The success of the text, which lasted into the 17th century, is partly due to the fact that the author summarised ethically relevant parts of Aristotelian philosophy. These requirements were aimed at princes and their subjects. The reflections on the official competences of the king partly contradict the statements in his later writing ‘De ecclesiastica potestate’ (ca. 1302), which supports papal universal rule.
The aim is to provide a complete modern translation and a transcription of a selected manuscript.
Aegidus Romanus: Über die Fürstenherrschaft (ca. 1277-1279): Nach der Handschrift Rom, Biblioteca Apostolica Vaticana, cod. borgh. 360 und unter Benutzung der Drucke Rom 1556 und Rom 1607 hg. von Volker Hartmann, Heidelberg: heiBOOKS, 2019, 1,313 pages, https://books.ub.uni-heidelberg.de/heibooks/catalog/book/569
The Dresden research centre (Project leader: Prof Dr Gert Melville)
The research centre in Dresden investigates monasteries and religious orders as generators of modernity. The focus is on the vita religiosa and its contribution to European models of order by redefining the relationship between the individual and the community as well as rationality and transcendent orientation towards meaning. The literature of the 11th to 13th centuries is analysed in legal and hortative terms.

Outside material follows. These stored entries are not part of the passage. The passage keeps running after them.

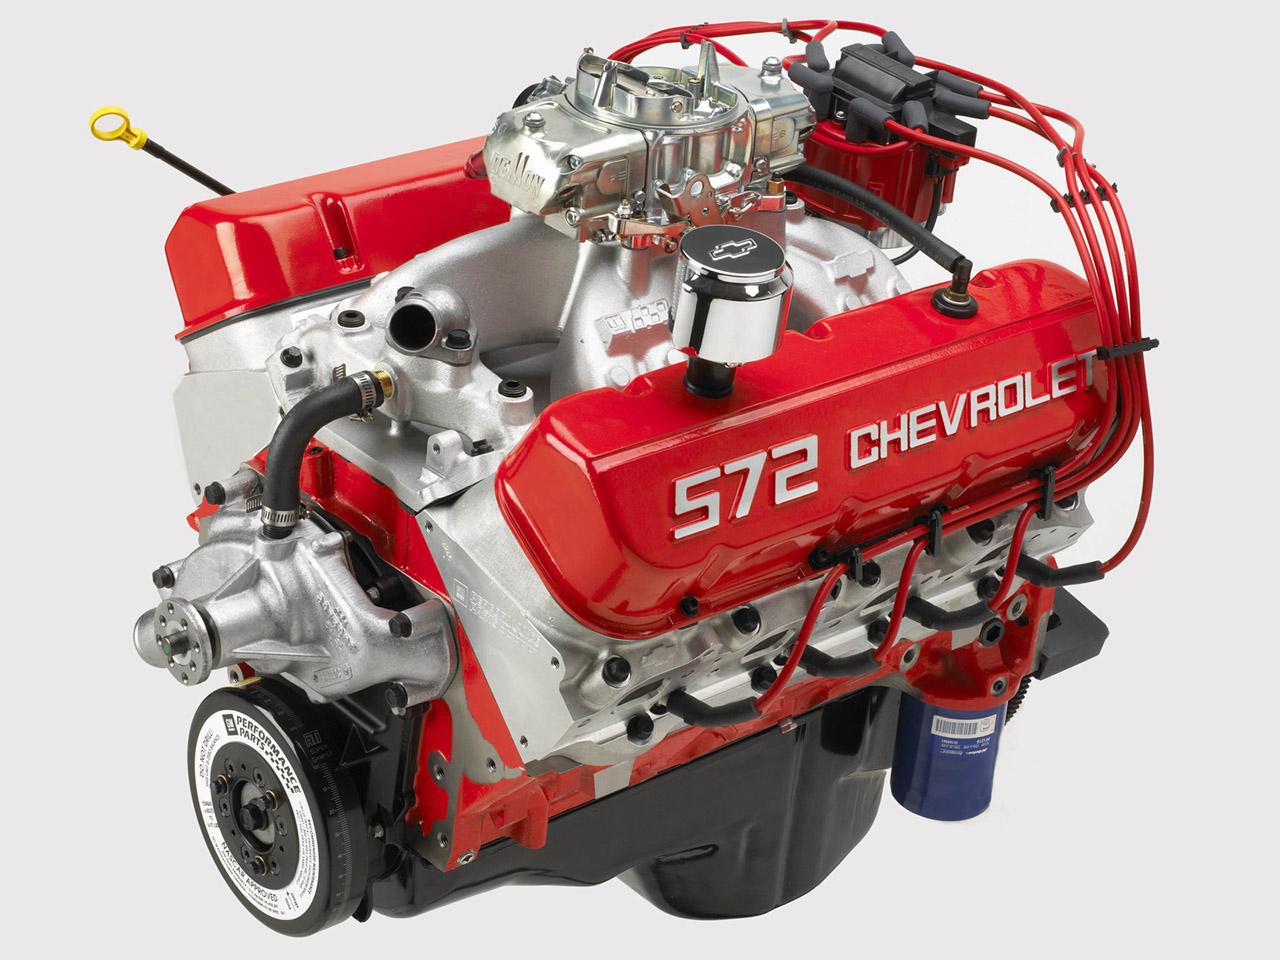 http://4.bp.blogspot.com/_IqxkmF9-pdU/TUDH4033lDI/AAAAAAAAABc/_qyV1a8c-0w/s1600/1955-Buick-Roadmaster-Jay-Leno-572-Crate-Motor-1280x960.jpg
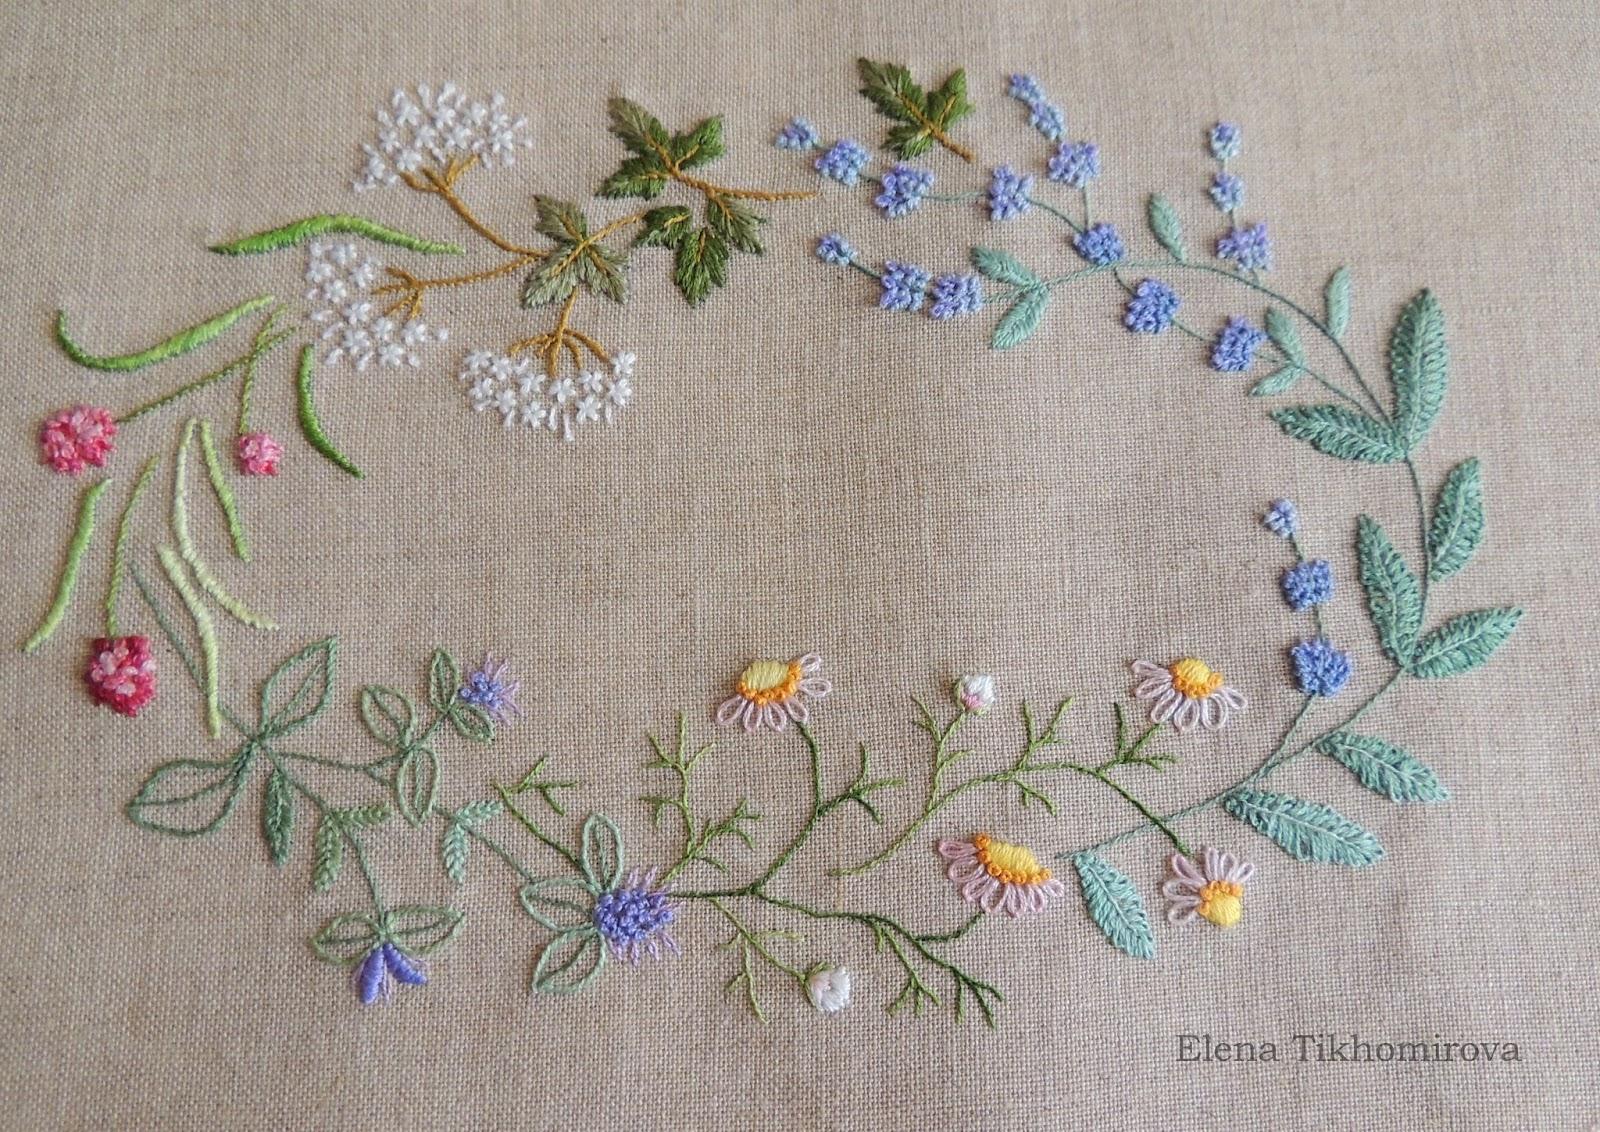 Herb Embroidery on Linen, Sadako Totsuka, блог Лаконичная вышивка
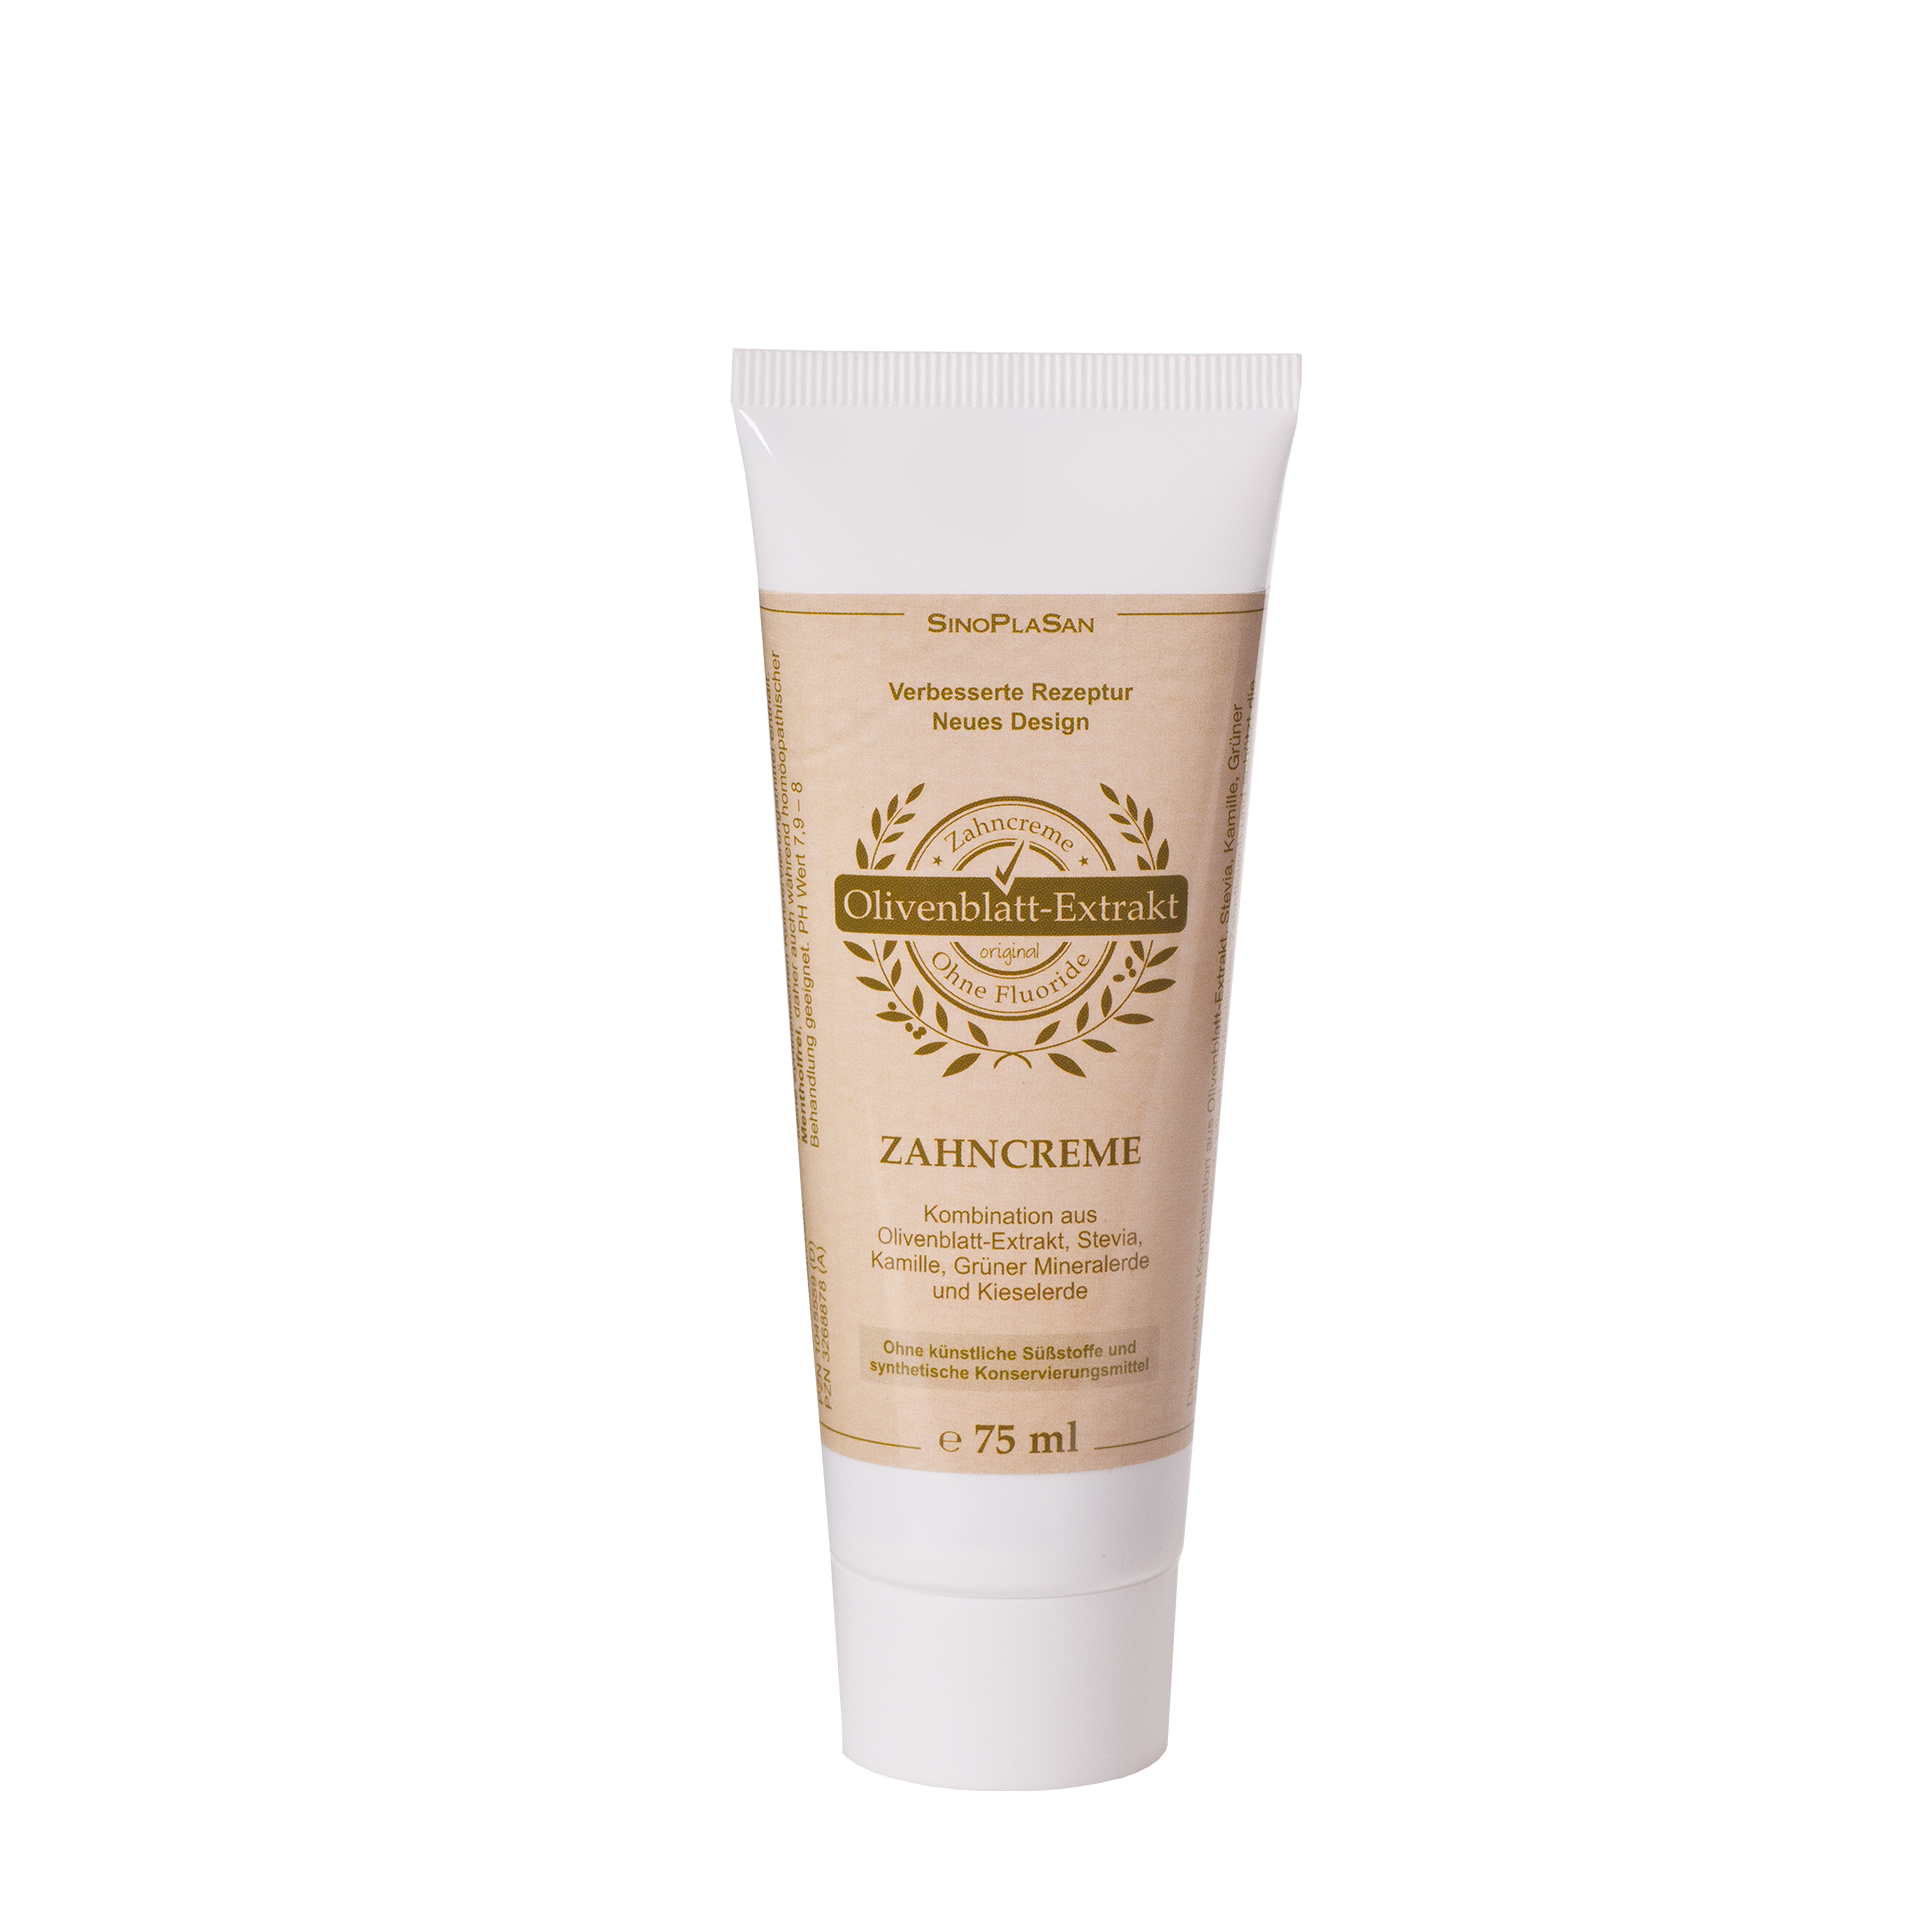 Olivenblatt-Extrakt Zahncreme, 75 ml
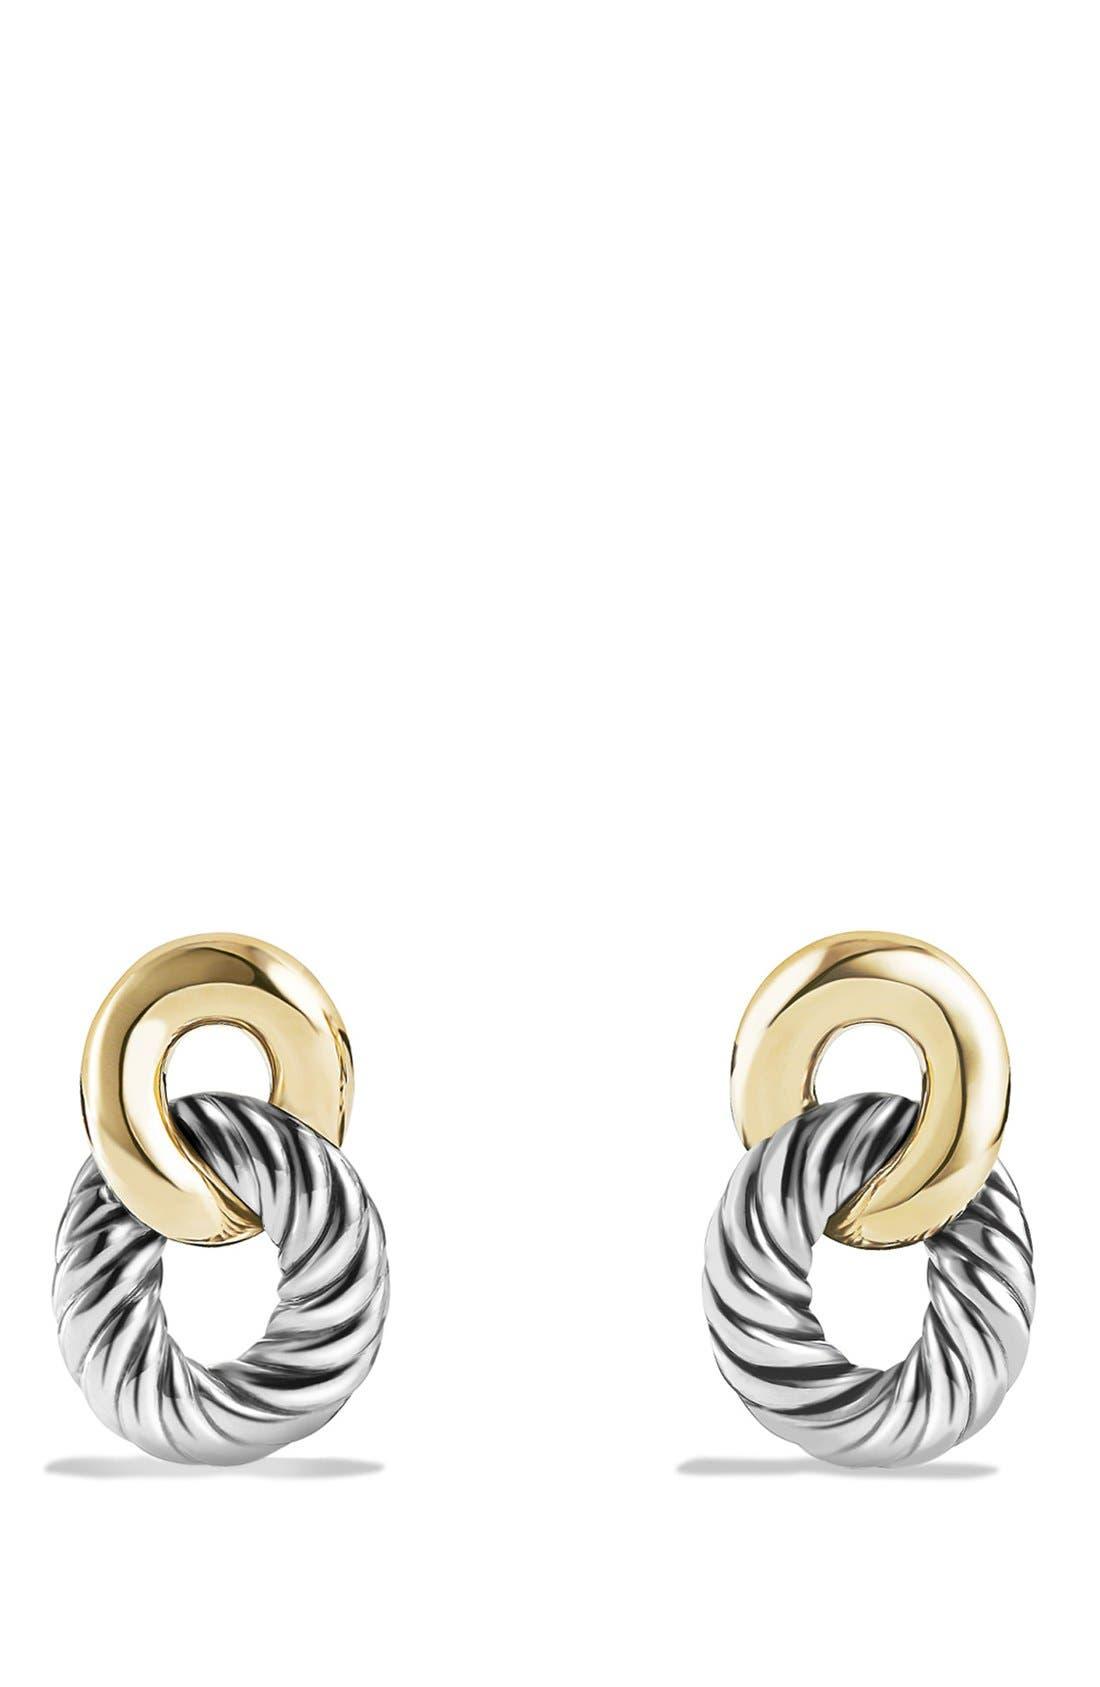 DAVID YURMAN Belmont Curb Link Drop Earrings with 18K Gold

The focus is on texts in which the cultural interpretative power of the monasteries becomes programmatically tangible: exhortations, didactic treatises, monastic or religious rules and statutes as well as their commentaries, which determined the legal order of the communities. These works were intended to have an inward effect, but were also always related to the world.